Nick Offerman’s reputation as one of the funniest people in America is built on playing stand-up guys. Most famously he was the stalwart in the long running television comedy Parks and Recreation, playing Ron Swanson, a bureaucracy-hating local-government clerk who believes that if you can’t survive without the Internet for a week then you’re failing at life.
The end of Parks and Recreaction has been a boon for the movies and popular culture. Co-stars Amy Poehler, Chris Pratt and Aziz Ansari have gone on to rule Hollywood, and or present Saturday Night Live, in addition to writing books. Now it’s Offerman’s turn to blossom away from Pawnee, the fictional town the sitcom called home.
In The Founder he plays Dick McDonald, one of the brothers who developed the fast food chain McDonald’s, but were duped out of their ability to exploit the brand by fast talking businessman Ron Kroc, played by a dastardly Michael Keaton.
It’s the story of the victory of capitalism over idealism where quality is the first victim in the fight for profits.
The movie’s moral is one that the 46-year-old actor can sign up to. Doing right by others was a lesson that was installed in Offerman by his parents in Illinois. “To me that’s what my vision of America is all about. I was brought up that way, if you work hard and think of others in your work then the worst that can happen is that you end up well fed surrounded by loving family and friends.”, he says.
And Offerman is clearly a man who doesn’t shy away from hard work. Rather than being content with a career delighting audiences in front of the camera, he also owns Offerman Woodshop in East Los Angeles, a small collective of woodworkers who focus on hand-crafted, traditional joinery & sustainable slab rescue. Then there are the three books he has written and he also plays guitar.

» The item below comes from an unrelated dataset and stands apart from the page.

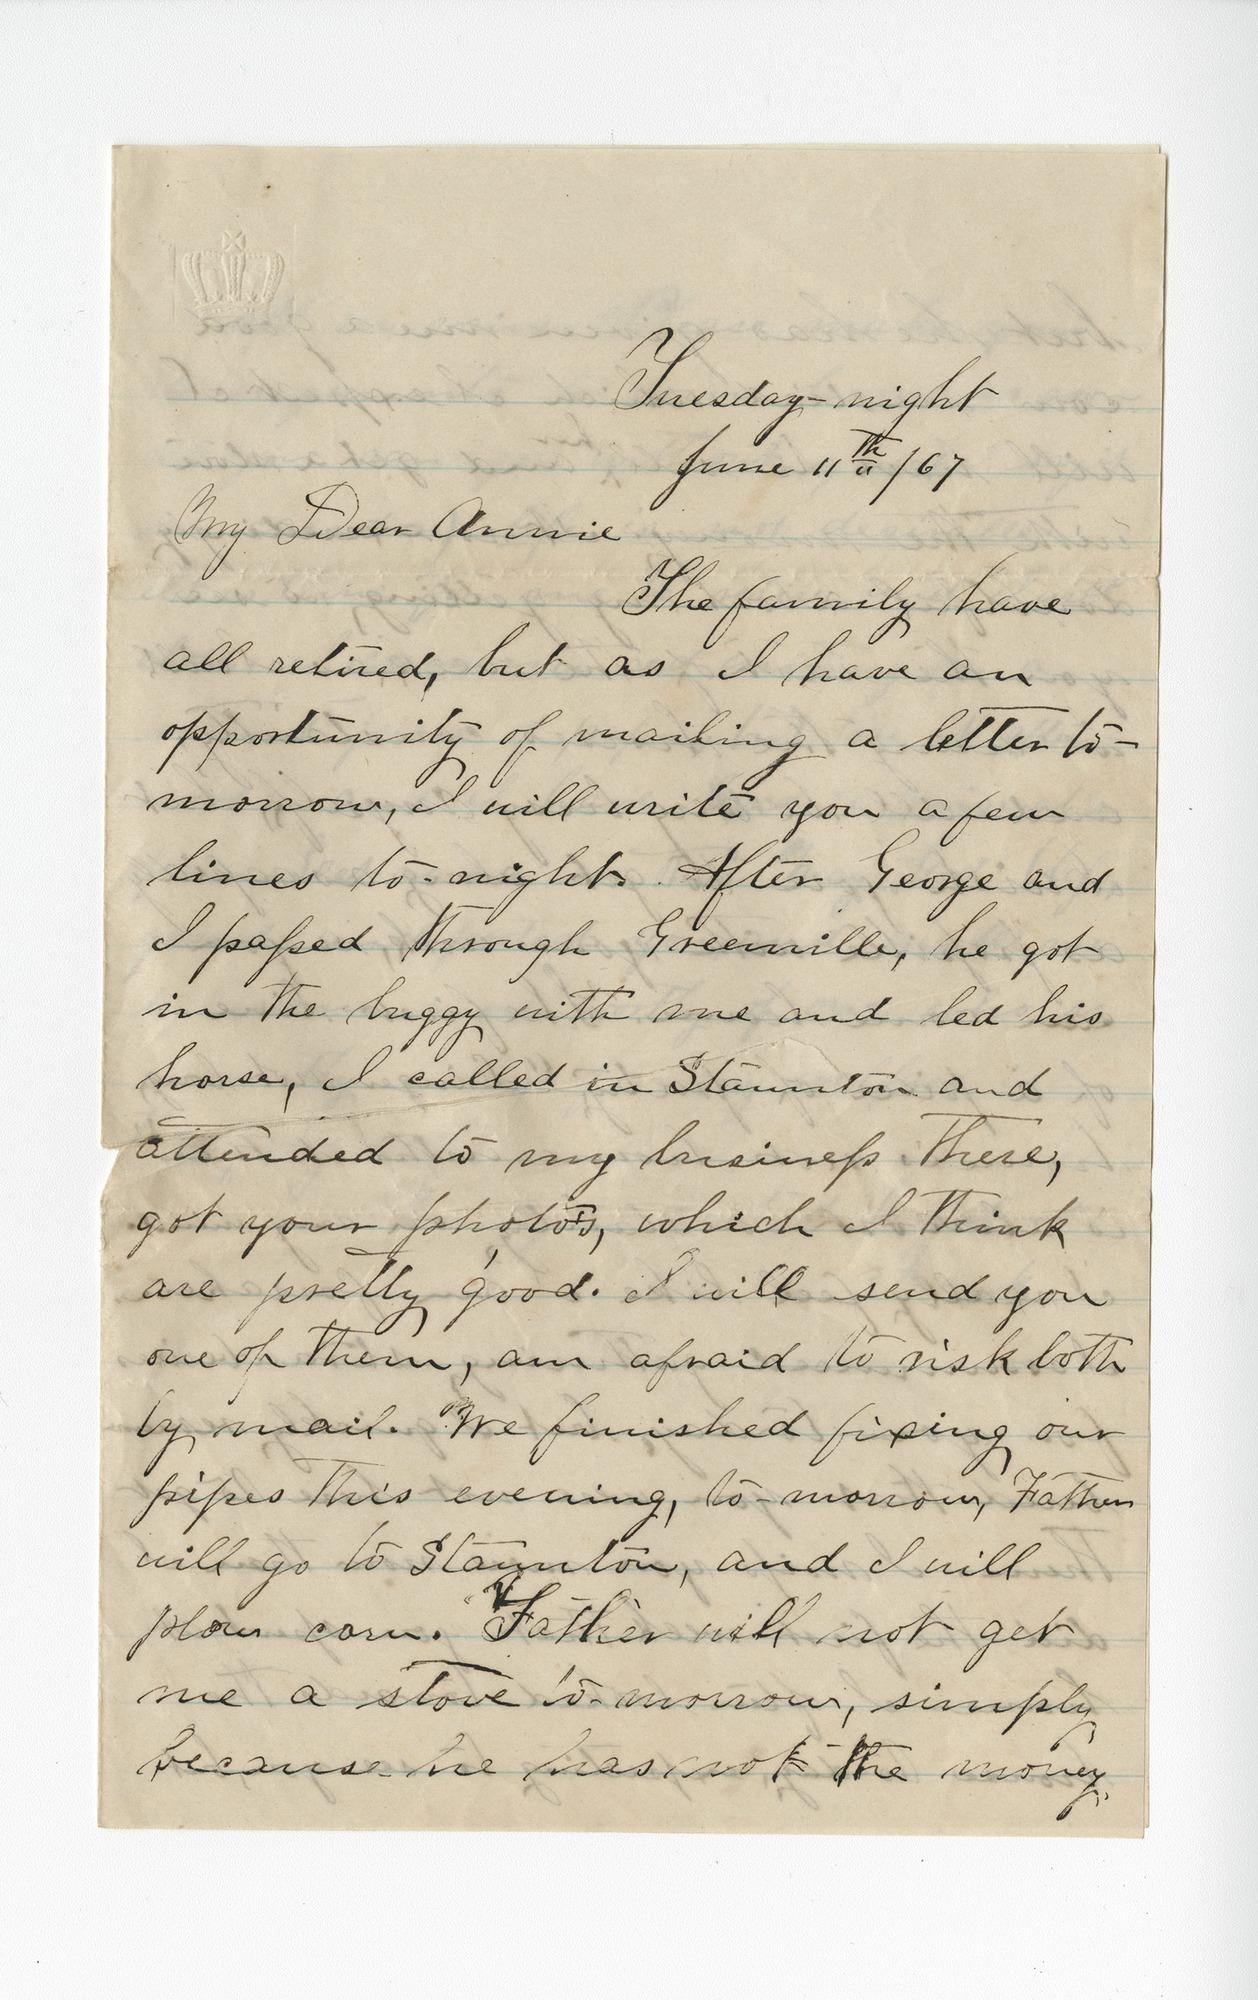 Ms2016-013_HeizerJames_Letter_1867_0611a.jpg

Such is his mastery of trades he can probably tickle himself.
The parallels between the story of McDonald’s and a perceived disquiet in America, which for some is signalled by the election of President Trump, is not lost on Offerman, who says, “I think that this movie about Ray Kroc is timely because it points to the national malaise we are seeing. What is the result when you create a food business that is all flash and no substance? Yes you become very financially successful but you have no soul. How good can the karma be for a restaurant company that is not interested in serving healthy food to its customers?”
He uses his own experience to back up his belief that taking the short money only leads to bad tidings. “I’ve had the unique good fortune to have come from a very frugal low-income family in Illinois and achieved a certain amount of success and I was able to see, by comparing the two lifestyles, that I preferred the lifestyle in which honest hard work was required. I have learned the lesson that easy street is something we are being sold by the corporations to try and get us hamsters to run harder on the wheel so that we will buy more products and go along with dubious choices for Attorney General.”
He is worried that humans are turning into fat lazy lemmings: “I’m really disturbed by that great Pixar movie, WALL•E, where adults are depicted as these fat grub-like babies floating around on robot ships speaking into screens, never seeing their surroundings. What is disturbing to me is that so many McDonald’s eaters or Trump voters are happy, they almost insist on being fed the shiny lie so that they won’t have to do the work of discovering what is the substance of the meal that they are shovelling into their maws.”